We initially identified the data sets from specific government-generated data content obtained from the International Trade Administration website. Articles with the keywords “lumber” and “footwear” were used. The actual articles were downloaded using the URL of the data and these were located into a single file which became the “corpus” (see Appendix B for an example). LDA was then used to extract themes (topics) related to the footwear and lumber industries. Each theme is composed of topic words which are sorted by relevant rankings that appear most frequently in the documents. Following Hagen (2018), we selected 30 topics (most relevant terms) to be displayed for each industry. The top three country rankings for each industry were then identified from the most relevant and highly associated terms for each country. Specific industry, country, and additional term association information for the top three countries were also reviewed. (See Figure 1 below for LDA Technique Model and Appendix C for steps taken to extract the data).

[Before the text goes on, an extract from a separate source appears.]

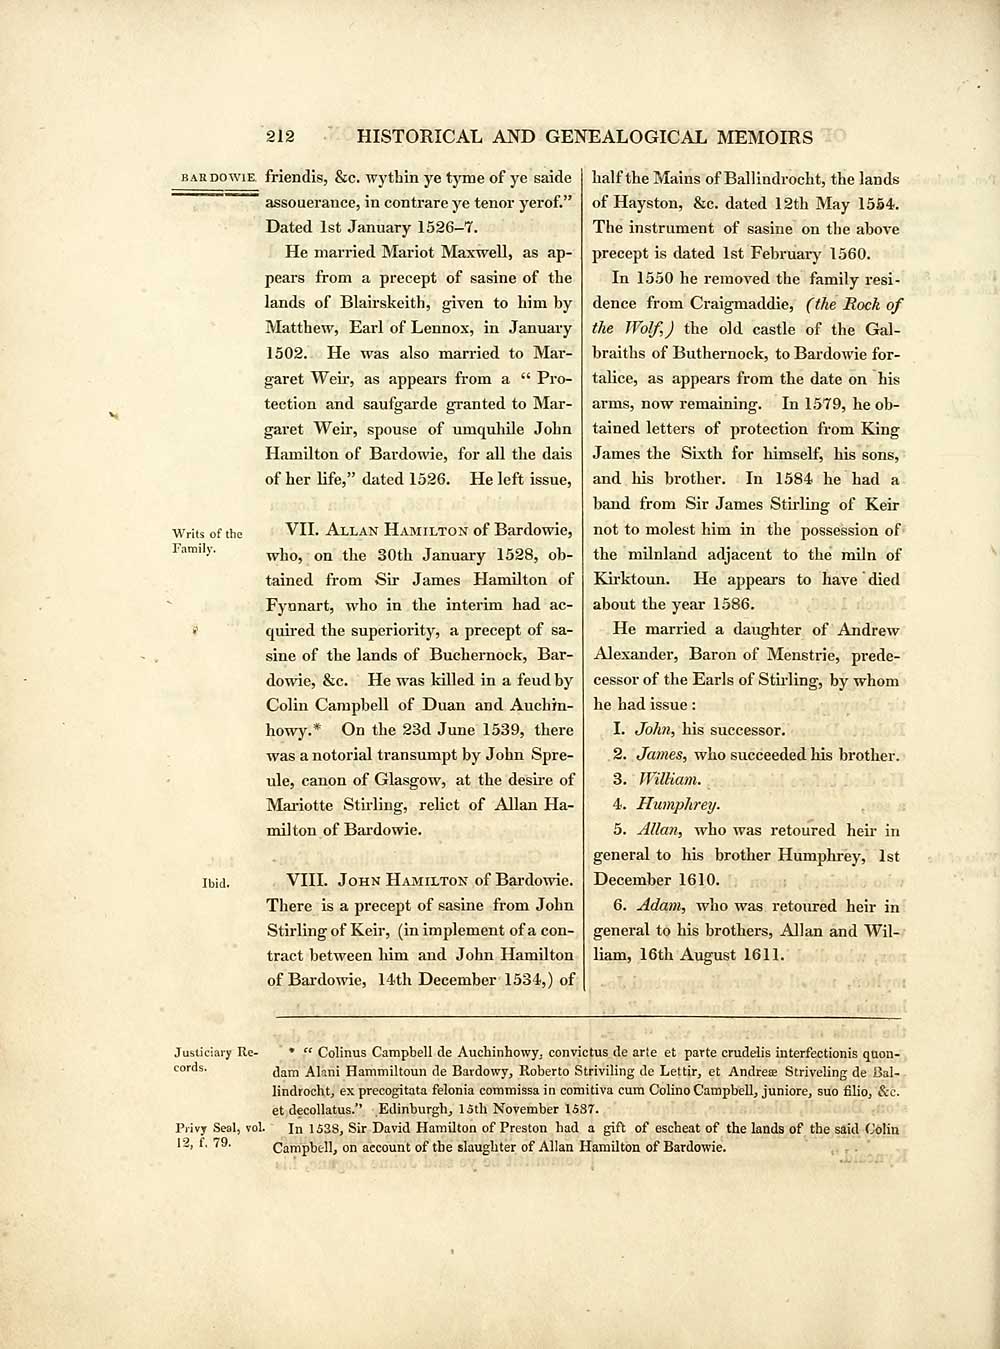 (222) Page 212 - Historical and genealogical memoirs of the House of ...

To assist in visualizing the results, we then used pyLDAVIS, a topic-modeling visualization tool. This tool permitted us to visualize the 30 topics that were ranked and the list of countries that were identified from the topics for lumber and footwear. The left side of the figure displays the topics in circles, and if you hover over a topic (indicated in red), a bar graph on the right side of the figure displays the key words based on frequency that are relevant to the lumber or footwear industry. The blue bar indicates the “corpus-wide frequencies of each term” and the red bar the “topic-specific frequencies of each term” (Sievert & Shirley, 2014, p. 68) [61].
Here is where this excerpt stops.